There are some good lessons, you know, in all those, in most of the books. Some of those nursery rhymes, I think, were written at strange times and, are a little bit concerning. Go ahead.

T.J.:

Not only are they good books, but they also have illustrations to go along with them, you know, how to how to be kind, how to share.

Peggy Jean:

Oh, yes. Yeah. No. They they are, they are wonderful. I don't get to do as much reading as I would like to do, but what I, I do try to listen to a few things.

Peggy Jean:

When I can, there is the poetry, Padre POTUMA, poetry podcast that I listen to, which I feel like it's really life giving. And when I have time to read, and because it is usually small amounts of time that is not consecutive minutes even together, it's, I usually try to go back to poetry that I, love and helps me to return to myself and to place and to neighbor.

T.J.:

Yeah. What do you look for in poetry? You know, it is it freestyle? Is it what is the prose like?

Peggy Jean:

I usually end up I'm I'm really I really love poetry that is about creation and about nature and about noticing.

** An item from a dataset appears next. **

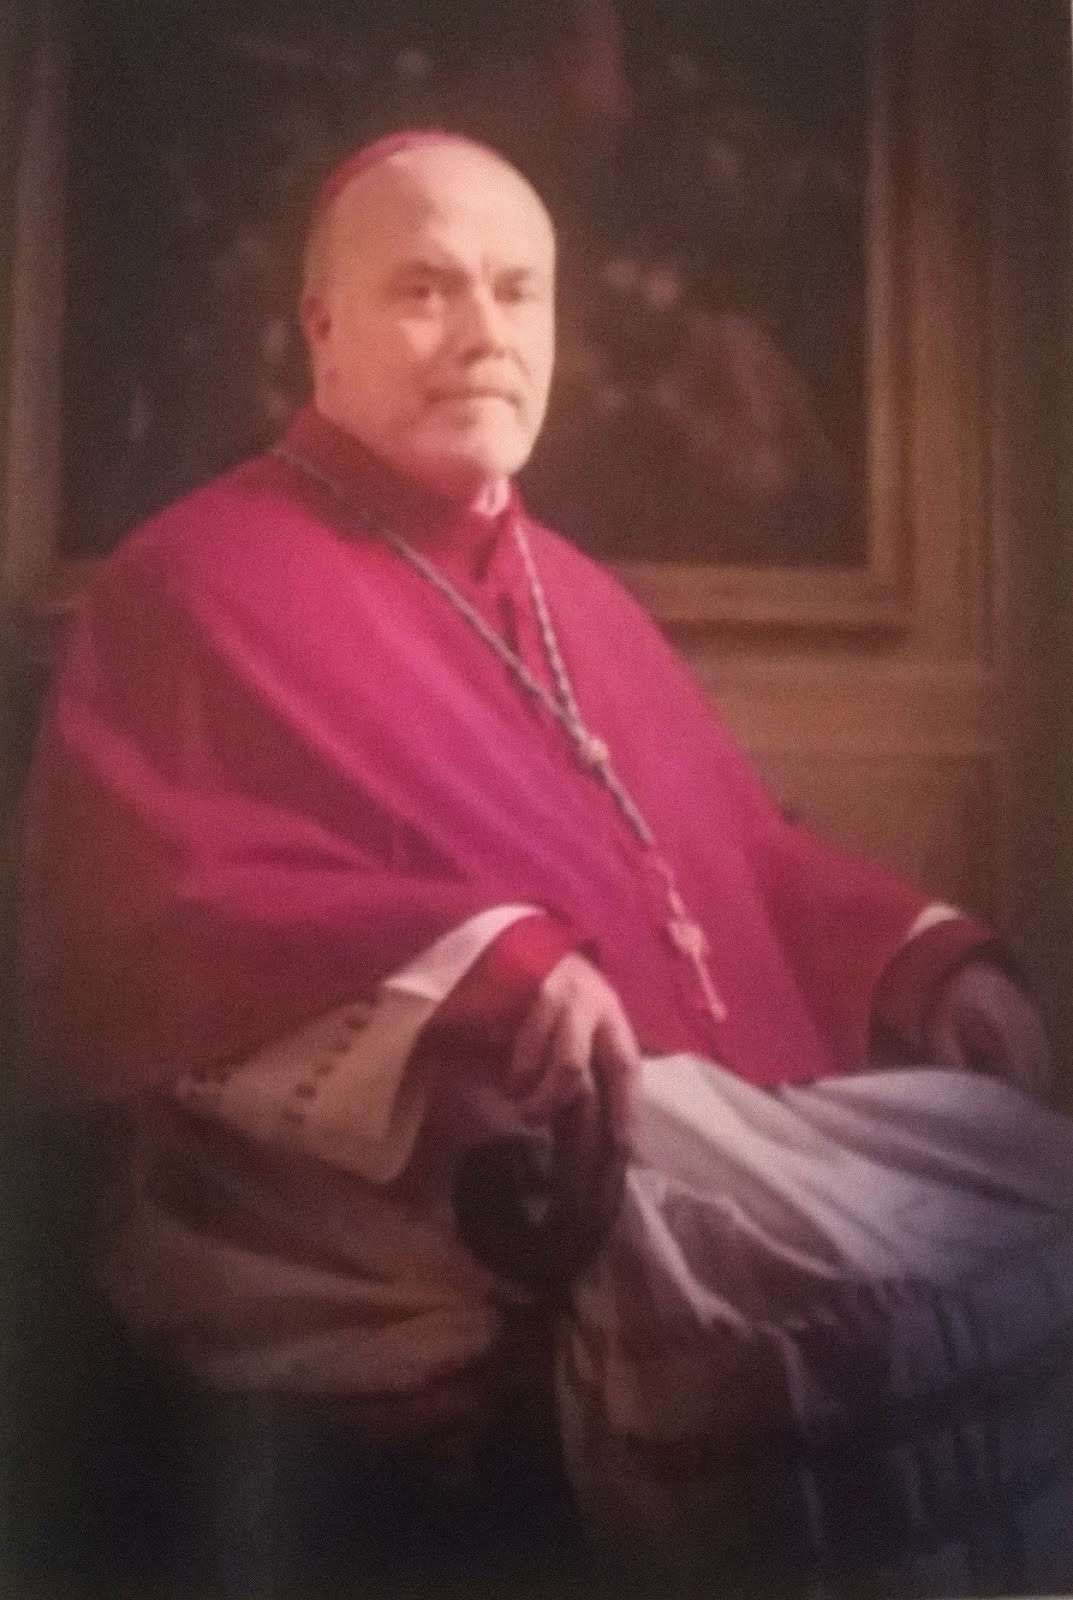 The Bishop of Leeds

So Mary Oliver, Wendell Berry, all those kind of typical folks, but then I also really love, good spoken word, that helps me connect people's, personal experience, their own identity, or, kind of questions about who they are with, with history, with lament, and with rejoicing. I don't know if any of that makes sense, but

T.J.:

Well, I would love to have a longer conversation with you, but time of it is of essence. Especially when you have 2 smaller little people who rule your life and your schedule.

Peggy Jean:

They do.

T.J.:

I enjoy getting to know you a bit better, Peggy Jean, and you made me laugh and I appreciate your authenticity and your storytelling ability in your faith journey.

Peggy Jean:

I'm sorry if I carried on too long. I know I just kind of you asked a question, and then I made it made it into my own questions and just responded how I wanted to.

T.J.:

Well, you did it your way.

Peggy Jean:

Like the reverse of Burger King.

T.J.:

Yeah. Right. Through the spoken word.

Peggy Jean:

Yeah.

T.J.:

Thank you, Peggy Jean.

Peggy Jean:

Thank you so much, TJ. It was, great getting to spend time with you, and I really enjoyed our conversation before we started recording about family and how most my life is basically over now.

T.J.:

No. Just beginning. It just has more people in it now.

Peggy Jean:

Yes.

T.J.:

Thank you for listening to this faith conversation of Cumberland Road. To support this podcast, subscribe, follow, and share with others. There are over 100 guests to listen to and more to come. And now let me leave you with a Mary Oliver poem entitled What is the Greatest Gift? What is the greatest gift? Could it be the world itself, the oceans, the meadowlark, the patience of the trees in the wind? Could it be love with its sweet clamor of passion? Something else, something else entirely holds me enthralled. That you have a life that I wonder about more than I wonder about my own, that you have a life courteous, intelligent, that I wonder about more than I wonder about my own, that you have a soul, your own, no one else's, that I wonder about more than I wonder about my own. So that I find my soul clapping its hands for yours more than my own.